§ **Given information**:
□ □ □ □ □ □ □
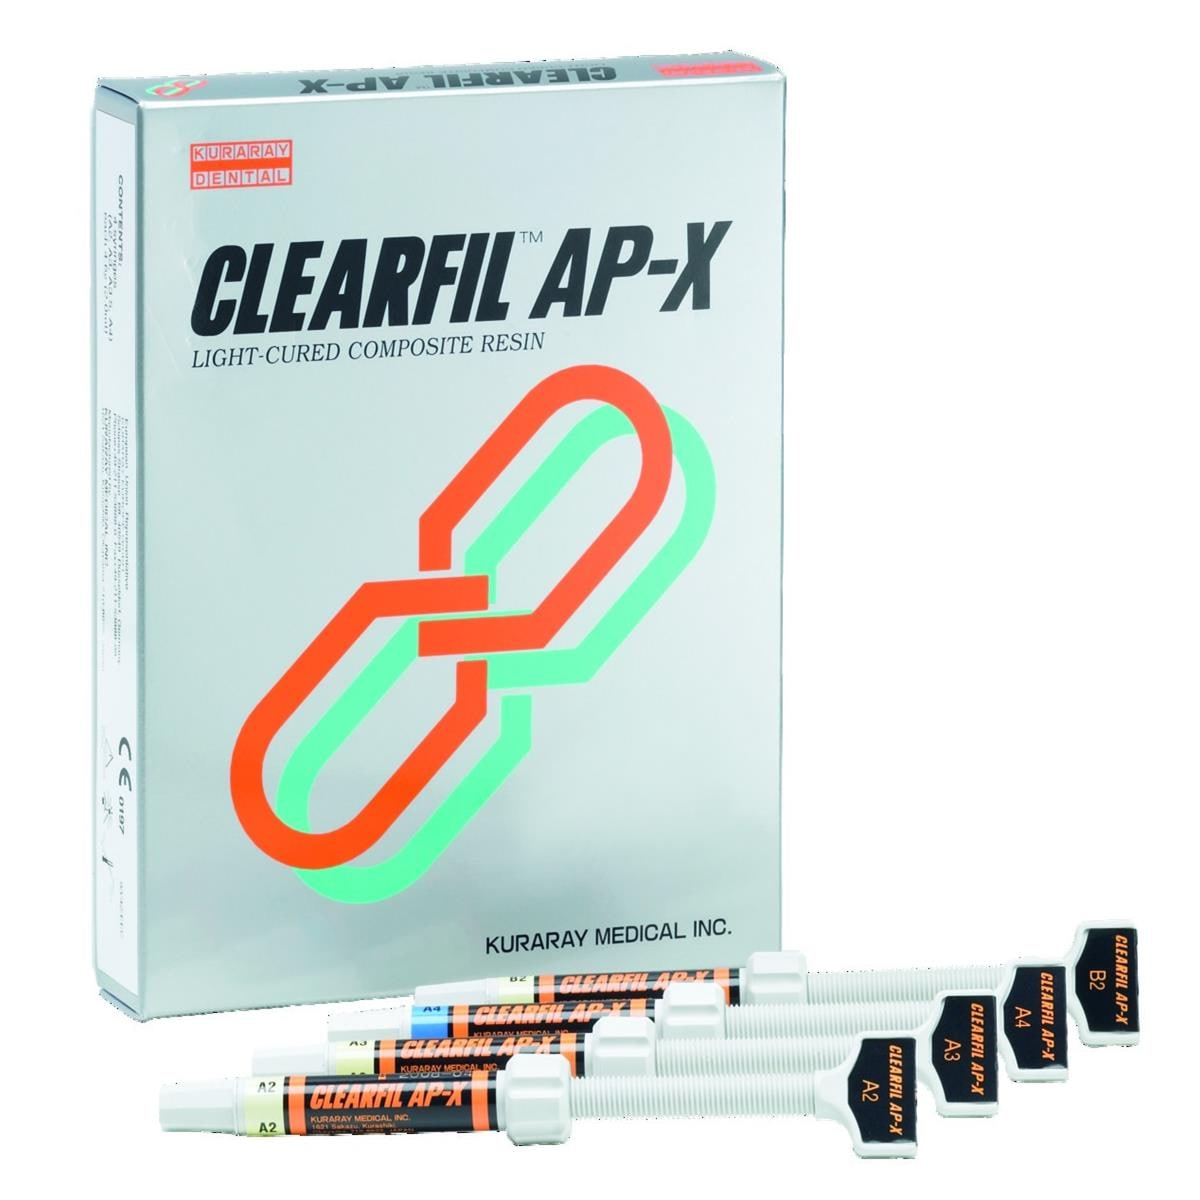 Clearfil AP-X KURARAY - C3 - Seringue de 4,6g
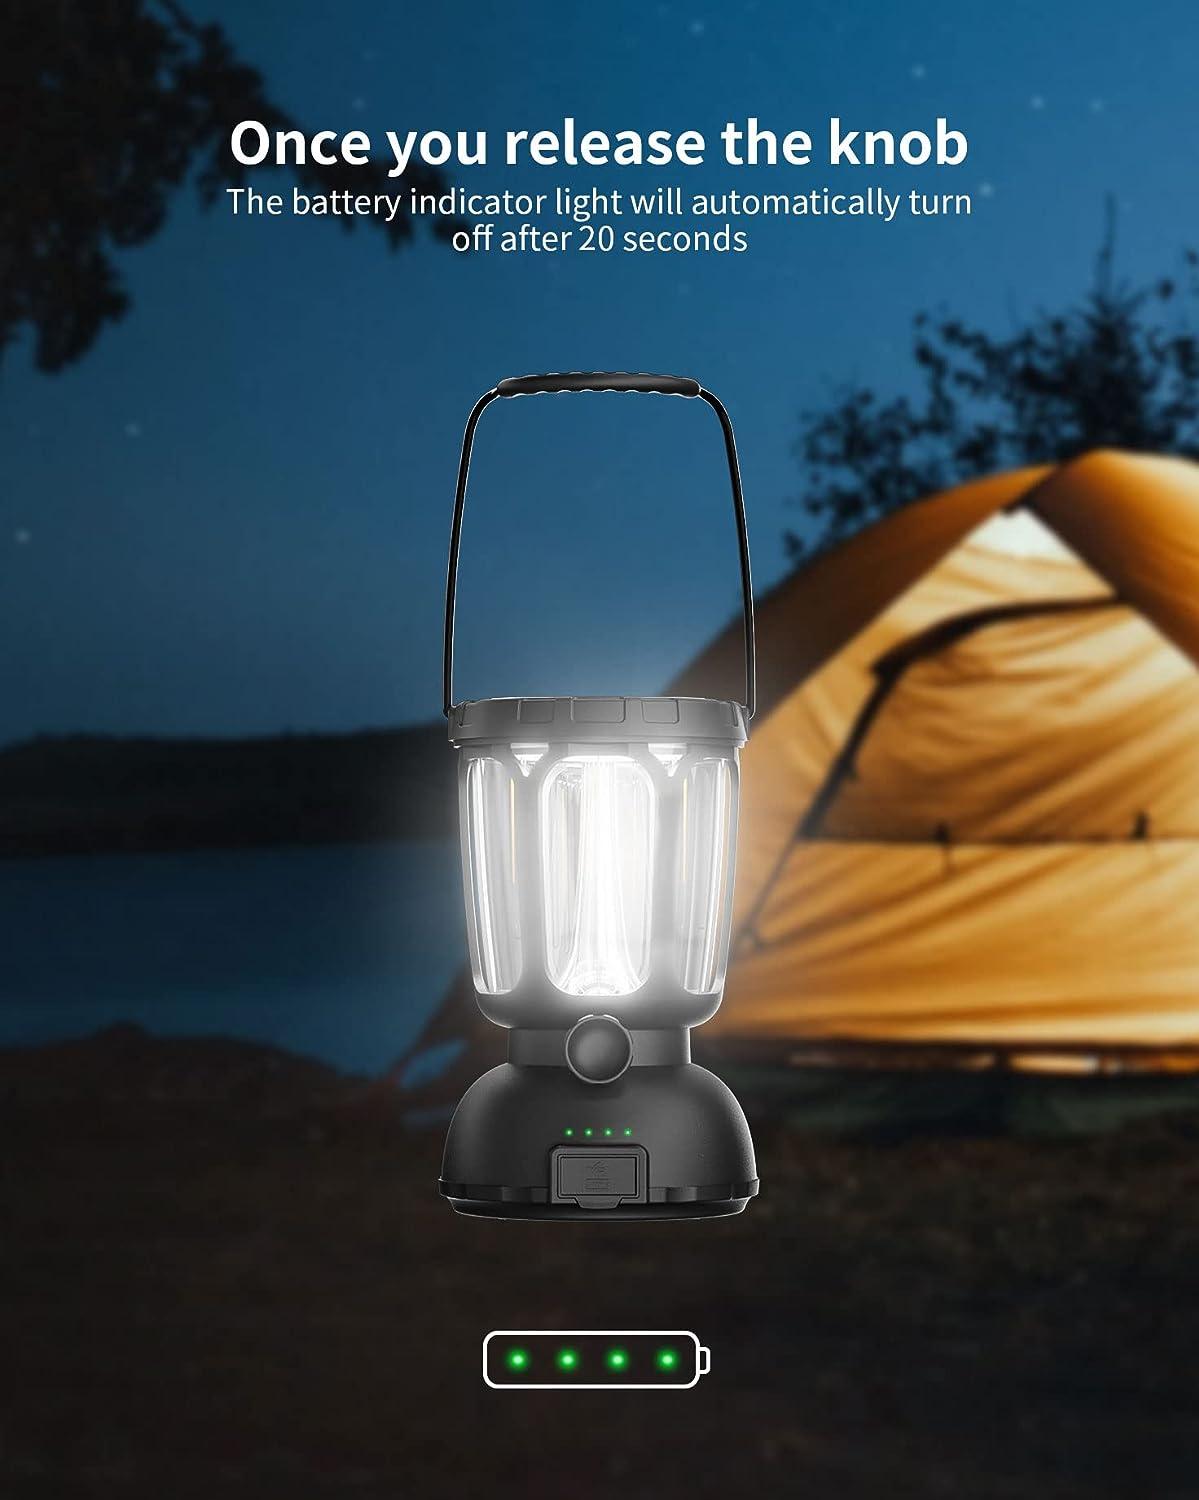 Mesqool Lanterne Solaire de Camping à Manivelle - Lampe de poche LED
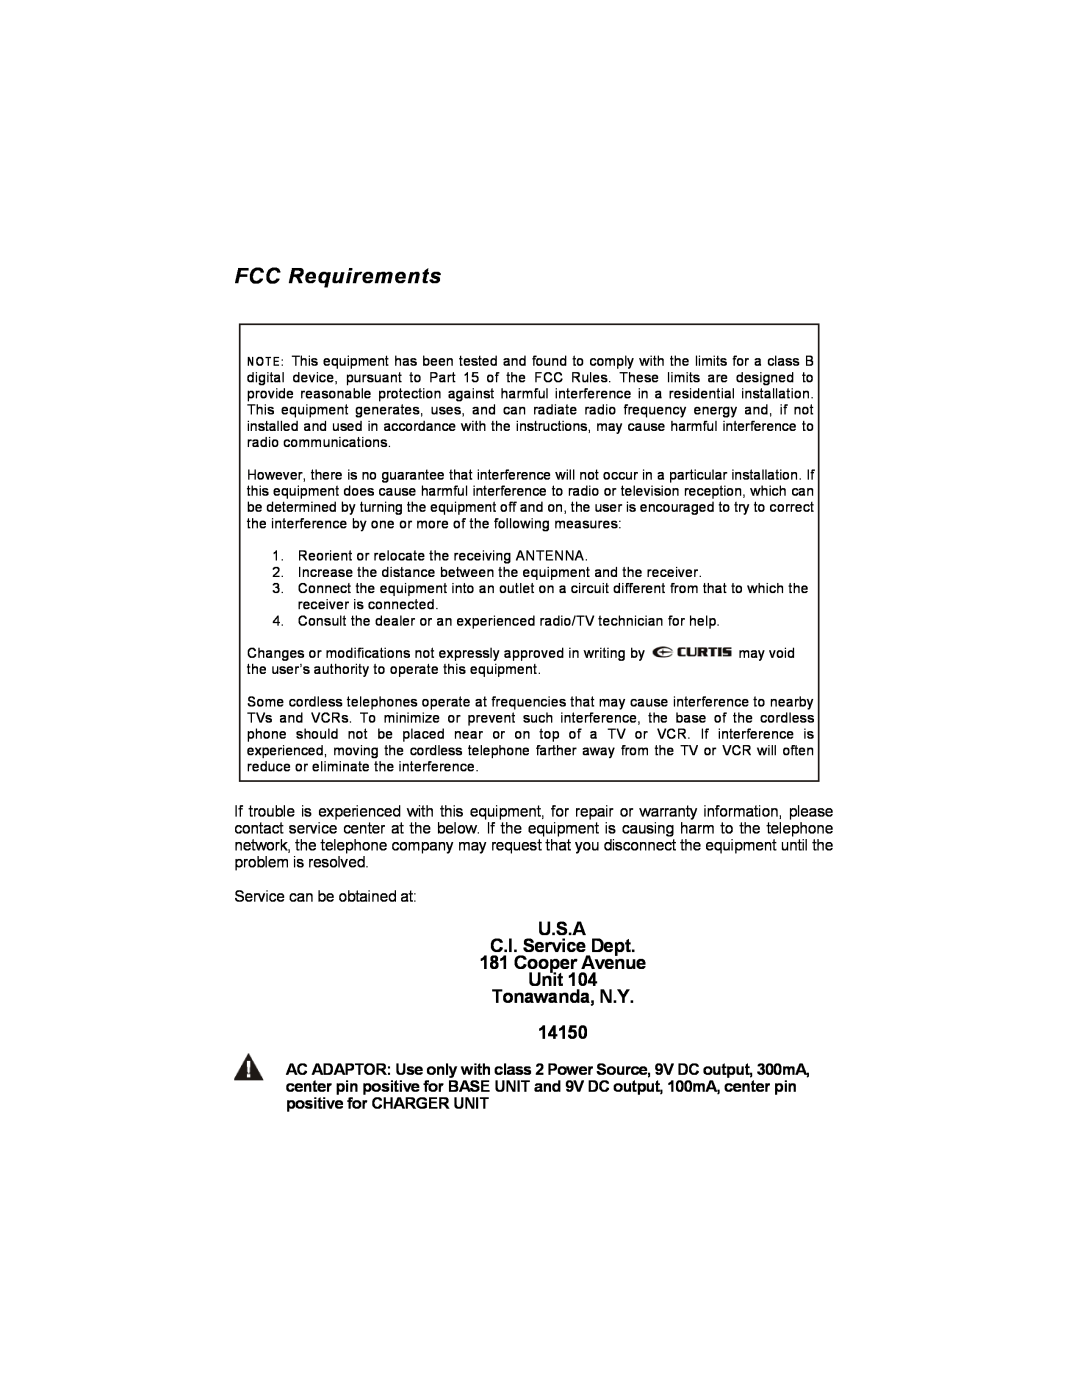 Curtis TC590 owner manual FCC Requirements, U.S.A C.I. Service Dept 181 Cooper Avenue Unit Tonawanda, N.Y 14150
□ □ □ □ □ □ □
§ **Activity**:
Repeat each line of the material exactly, and drop any image it carries.

§ **Response to the task**:
 Clearfil AP-X KURARAY - C3 - Seringue de 4,6g
 Mesqool Lanterne Solaire de Camping à Manivelle - Lampe de poche LED
 Curtis TC590 owner manual FCC Requirements, U.S.A C.I. Service Dept 181 Cooper Avenue Unit Tonawanda, N.Y 14150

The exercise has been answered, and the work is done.